Côte d’Ivoire: Comprendre le conflit dans l’ouest du pays…

conflit à l'ouest, des déplacés

Côte d’Ivoire – Au fil des années le conflit dans l’ouest Ivoirien au lieu de se régler tant à devenir un vrai casse-tête Chinois qui ne trouve pas de solution au fil des régimes. Si le cacao fait la réputation de la Côte d’Ivoire, il crée plus de problème dans l’ouest du pays qui produit chaque année la majeure partie du Cacao Ivoirien.

« La terre source du conflit »

Pour comprendre la crise dans l’ouest Ivoirien il est impératif de remonter dans les 1980 ou une forte communauté de Baoulé immigre d’abords dans cette région pour l’exploitation des terres aux fins de créer des plantations de cacao et de café après que leur région soit devenu savane. Suivra les communautés malinké du nord et des étrangers en majorité Burkinabé venu conquérir ce nouveau eldorado vert. Il leur sera attribué des portions de terre par les autochtones pour la culture du café et du cacao.
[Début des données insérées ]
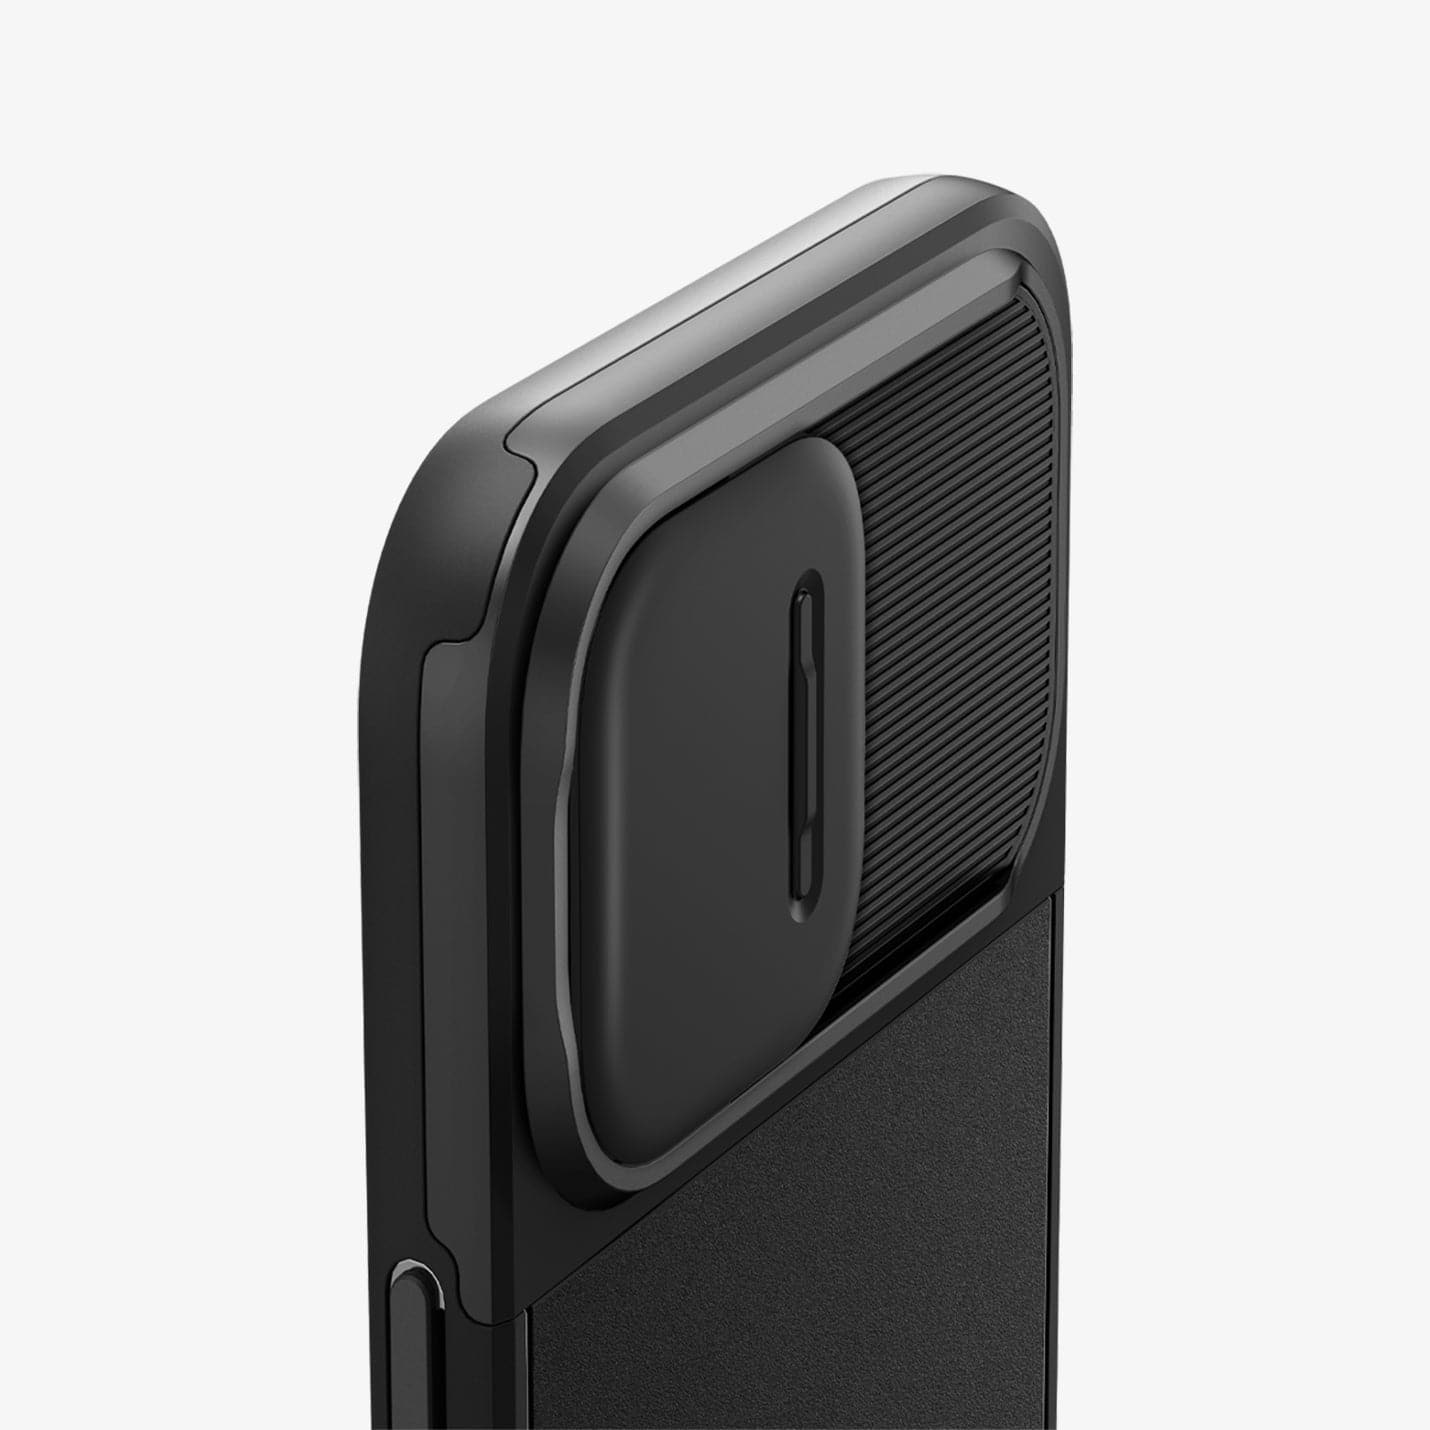 ACS04848 - iPhone 14 Pro Max Case Optik Armor (MagFit) in black showing the back, top and side zoomed in on camera lens with optik lens slot closed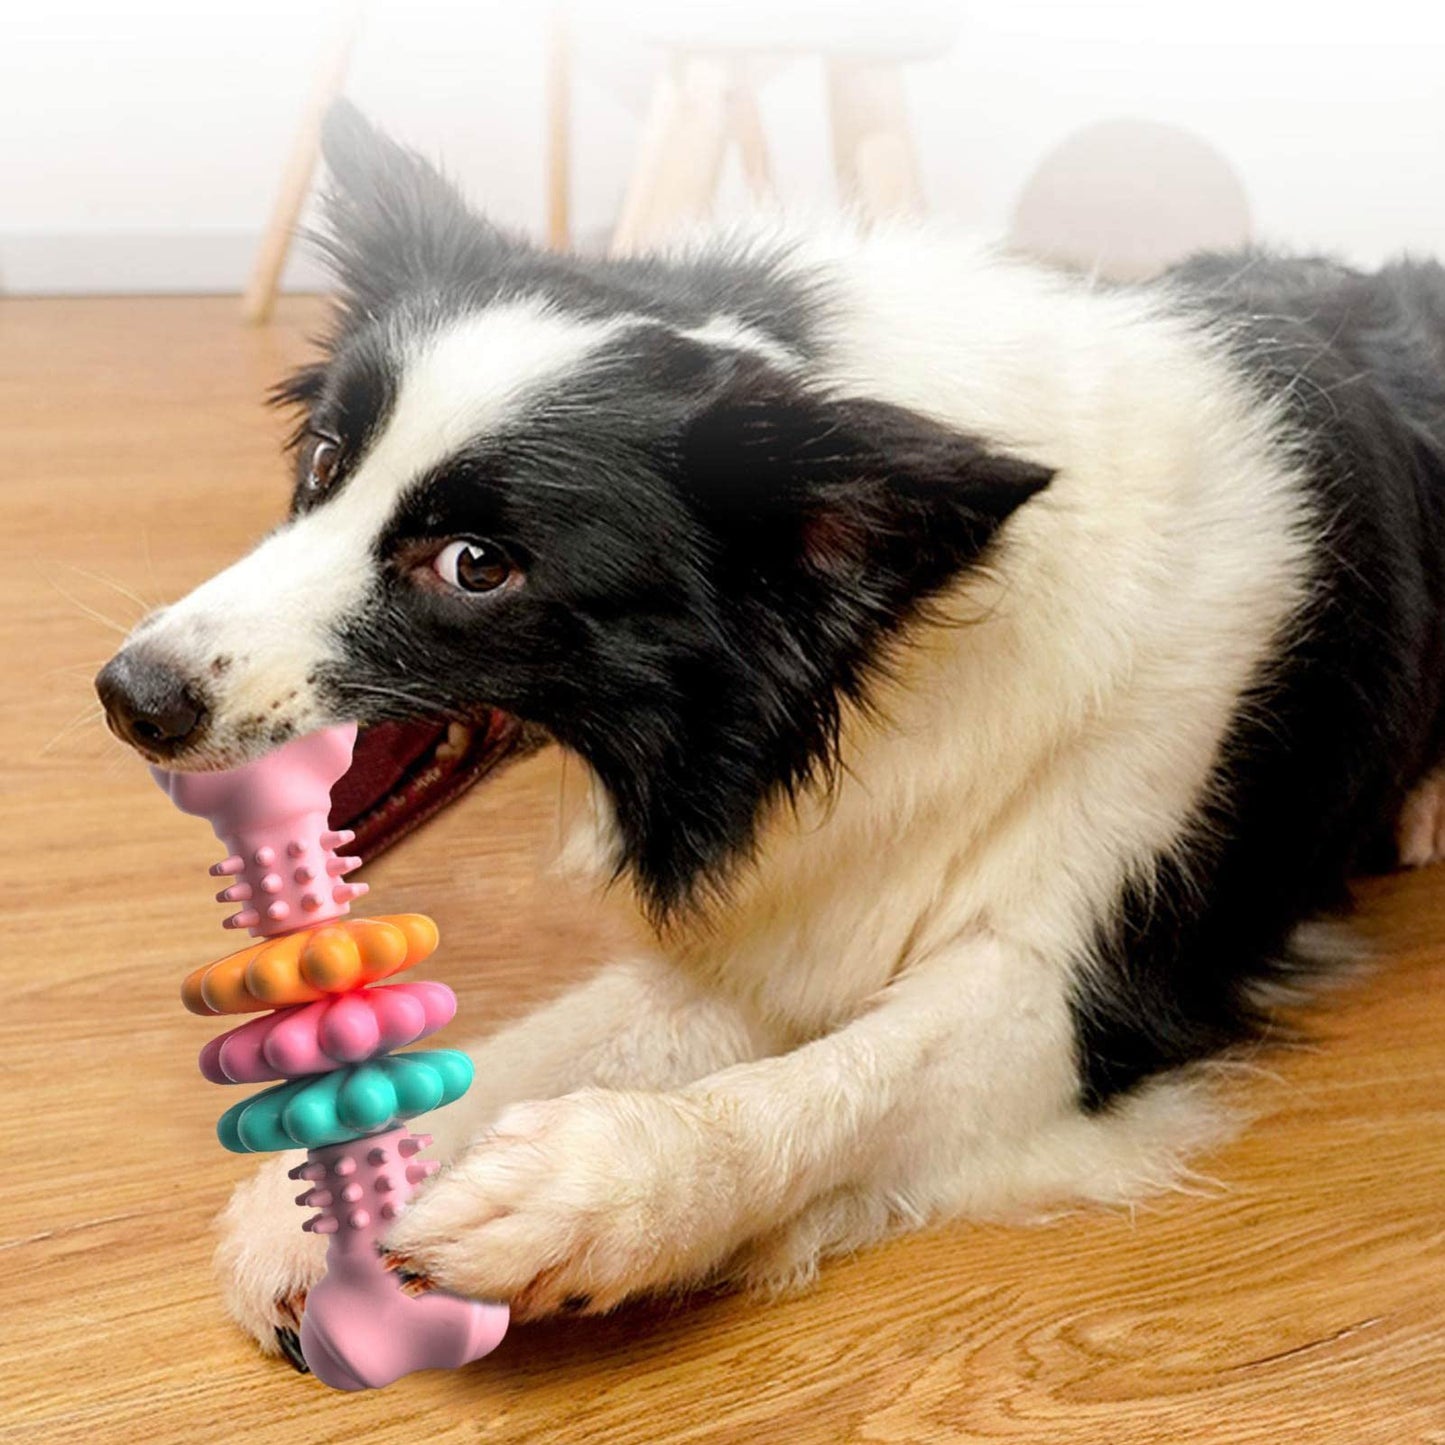 Dog Chew Toy Dog Bone Type  Dogs Teeth Cleaning Toys Indestructible

Cette immigration prenant de l’ampleur les premières inquiétudes vont être déjà signalées à cette époque par les populations autochtones qui se sont senti un peu envahi.

Ainsi le régime du président Houphouet Boigny, premier président de la république de Côte d’Ivoire qui encourageait l’exploitation des forêts vierges tranchera avec la célèbre phrase de l’époque « la terre appartient à celui qui la met en valeur »

Les populations sur place passèrent des « deals » sur les forêts cédée. De la vente des portions de forêt en passant par le partage des récoltes tout y était pour un arrangement gagnant-gagnant entre les populations autochtones et allogènes. Les années ont passé et les accords d’hier seront remis en cause par la jeune génération autochtones qui renient ces accords passés avec leurs aînés en revendiquant l’entièreté du patrimoine foncier familial.

Les insuffisances des différentes lois foncières rurales et le jeu trouble des politiciens font basculer la cohésion sociale à l’ouest du pays. Ainsi naissent les premiers conflits dans cette zone géographique de la côte d’Ivoire. Les politiciens s’en saisiront pour l’exploiter dans le jeu politique afin de drainer de nouveaux sympathisants pour certain et conserver un bastion pour d’autre. L’année 1995 sonne le glas des premières violences dans l’ouest forestier sur fond de contestation électorale entre Baoulé et Guéré, ainsi donc on déplorait les premiers morts de ce conflit casse tête chinois.

Alire aussi: Dans le conflit de la forêt à l’ouest…

La situation n’ayant pas trouvé de solution va s’accentuer jusqu’à la crise de 2002 ou les milices Guéré feront la lois expropriant « les étrangers » de leurs plantations. Le pouvoir ayant changé de main depuis le 11 avril 2011 « les victimes » d’hier prennent leur revanche en régnant en grand maître sur la région. Les FRCI composés en majorités de malinké et de Dozos constituent le bras séculier de cette revanche qui ne dit pas son nom.

Le temps de la crise post-électorale est passé et les FRCI qui régnaient en maître sont rentré dans les rangs, la situation du pays s’étant stabilisée. Mais contre toute attente à la veille de cette nouvelle campagne cacaoyère resurgit une nouvelle crise foncière ou les autochtones réclament à nouveau que leur hôtes plis bagage pour entrer « chez eux »

Le drame de ces derniers jours devrait interpeller plus d’un pour trouver une solution définitive à la crise du foncier rurale qui est à la base de la grave crise Ivoirienne.